Good Lord. How tight does it have to be?

Seem like everyone wants a HPF set at about 330Hz before the first gain stage.
And a gate threshold so high, you have to hit the strings with a hammer.

Whatever. To each is own. 

I like a little give in the bottom to make it 'scrunchy' and playful. You can still have tight palm mutes and some chewiness working at the same time.


----------



## Curt (May 19, 2013)

wakjob said:


> Good Lord. How tight does it have to be?
> 
> Seem like everyone wants a HPF set at about 330Hz before the first gain stage.
> And a gate threshold so high, you have to hit the strings with a hammer.
> ...


 
I second this. 
I love beefy low end with just enough tightness that things don't get flubby.


----------



## erotophonophilia (May 19, 2013)

VBCheeseGrater said:


> Perhaps i have not played enough high gain amps, but this seems like a bit of a catch 22. Boosts are typically solid state pedals, and the minute you put one in an amp people freak out. Yet i've never heard a tube amp get that same level of tightness without a boost in front. Every amp i've owned (a few Mesas, 5150, 6505+, Jet City..) has benefited from a boost for chug type tones.
> 
> At this point i prefer to use a boost, as it ensures i have two tones at my feet on and given single amp channel. Less aggressive with boost off, boost on to get heavier.
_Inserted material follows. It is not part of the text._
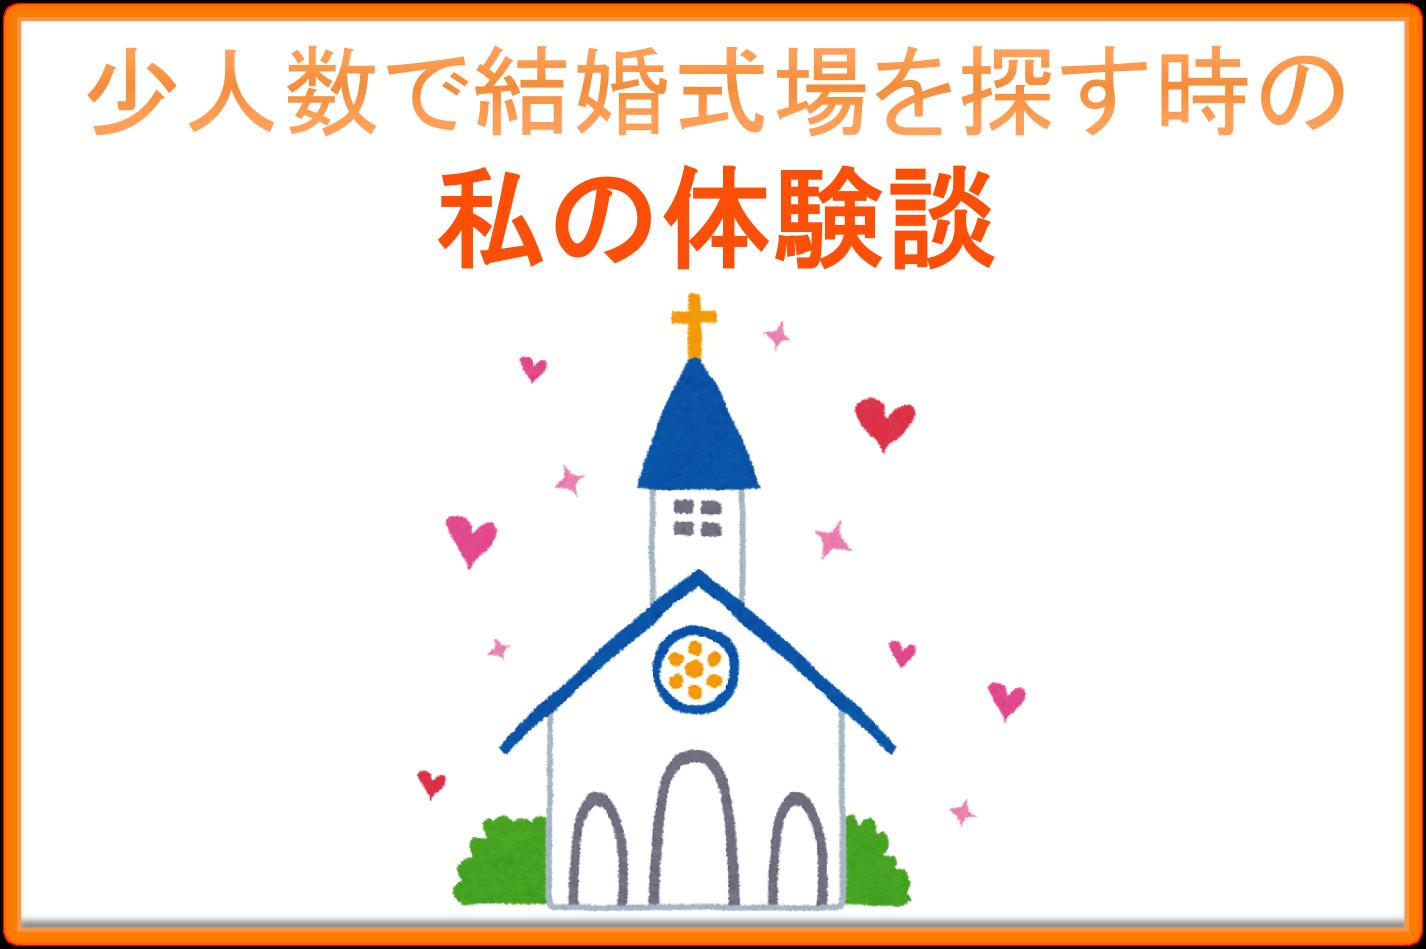 30人以下の少人数で結婚式場を申し込むと3ヶ月前からしか申し込みできない式場があるので要注意!

Try a modern high gain amp that uses EL34's, because an electric guitar is supposed to sound like a chainsaw.


----------



## cardinal (May 19, 2013)

SLO can do modern metal just fine, but it won't ever sound like a Diezel or an Engl, if either of those is your gold standard.

SLO also is odd to dial in. The knobs are very predictable and easy to work with once you figure out what's going on, but it's VERY easy to make the amp super-crazy-unbelievably bright and fizzy if you point the knobs in the right direction. The SLO can be very smooth and even dark (which is how I have mine dialed in).


----------



## Promit (May 19, 2013)

The reason I asked is because I have a Jet City 100, it's my first high gain amp, and I'm extremely fond of it. (Especially for the price paid.) But I don't know how it compares to other common "monsters of high gain" and when I went looking, I kept reading that the sound wasn't 'modern'. I just don't know what that means.
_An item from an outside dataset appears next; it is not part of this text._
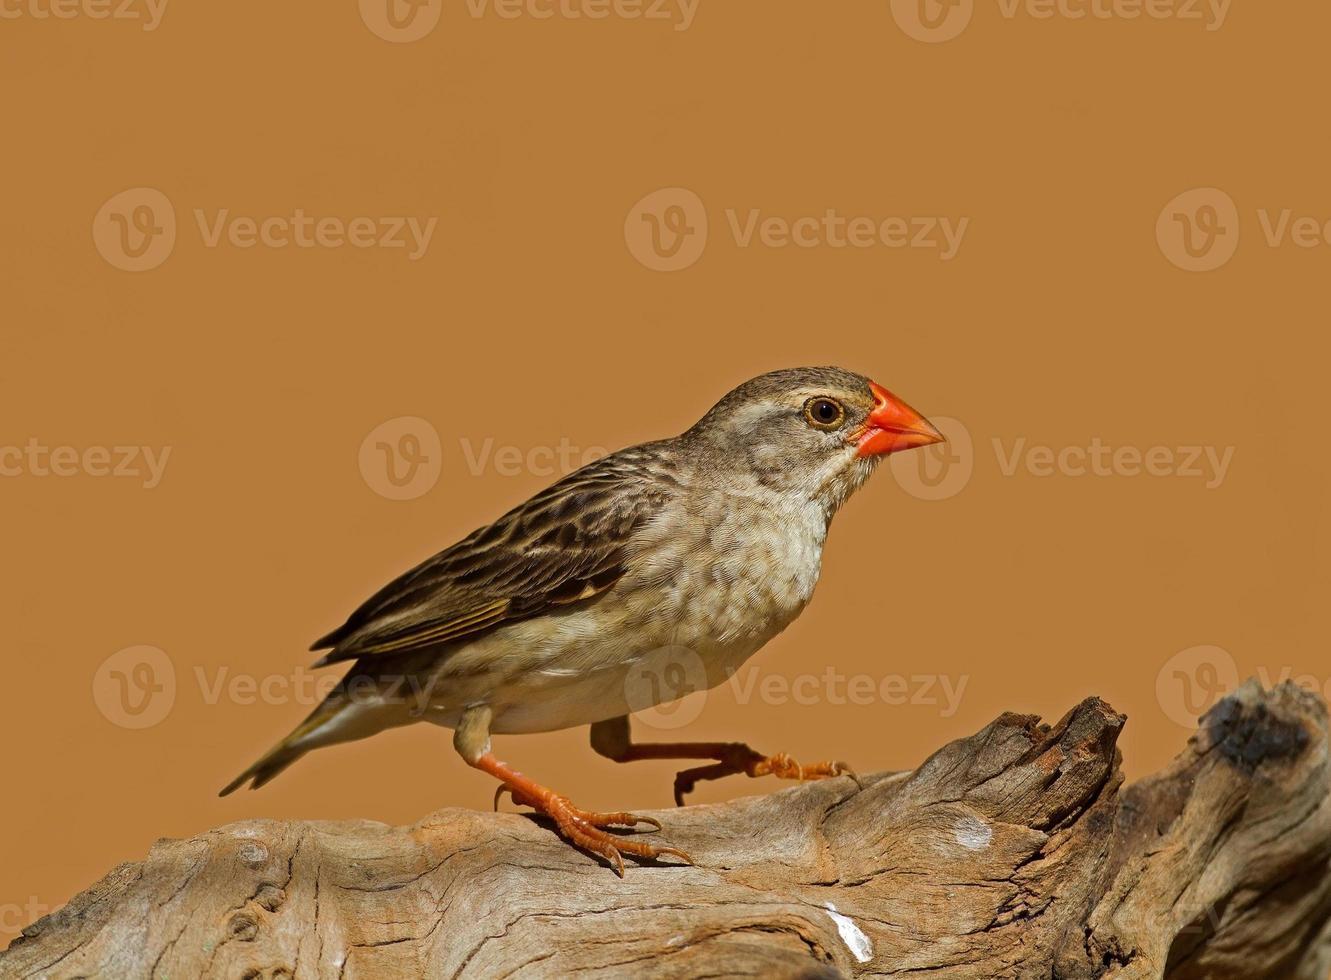 nicht brütende weibliche Rotschnabelquelea auf Baumstamm foto

For me personally, I love the Dual Rectifier sound I hear on albums, as cliche as that is. I know it has some heritage in the SLO. I'm just trying to get a handle on what sets high gain amplifiers apart.


----------



## TemjinStrife (May 19, 2013)

The JCA 100 is a pretty awesome high gain amp. It's less raw than a block letter 5150. It cuts better and has more presence and less compression than, say, an ENGL Powerball or original Fireball (I haven't played one of the new Fireballs). It won't be as tight or dry as a VHT, and the Rectifier has a different sort of dry growl but a similar tonality. I haven't tried any Diezels so I can't compare to that.

But really, it's just a different flavor of high gain. People have different tastes, and the JCA100 is a pretty solid SLO clone with mediocre transformers and lower-spec components.


----------



## bulb (May 19, 2013)

The SLO-100 and Avenger are incredible amps for modern metal.


----------



## yingmin (May 19, 2013)

bulb said:


> The SLO-100 and Avenger are incredible amps for modern metal.



The Avenger has probably the best high gain tone I've ever heard.


----------



## Toshiro (May 19, 2013)

I have a JCA22H, and it does metal just fine with a boost in front. I feel like it's too warm/smooth without it though.


----------



## Legion (May 20, 2013)

TemjinStrife said:


> 5150 or Recto (which are both SLO derivatives)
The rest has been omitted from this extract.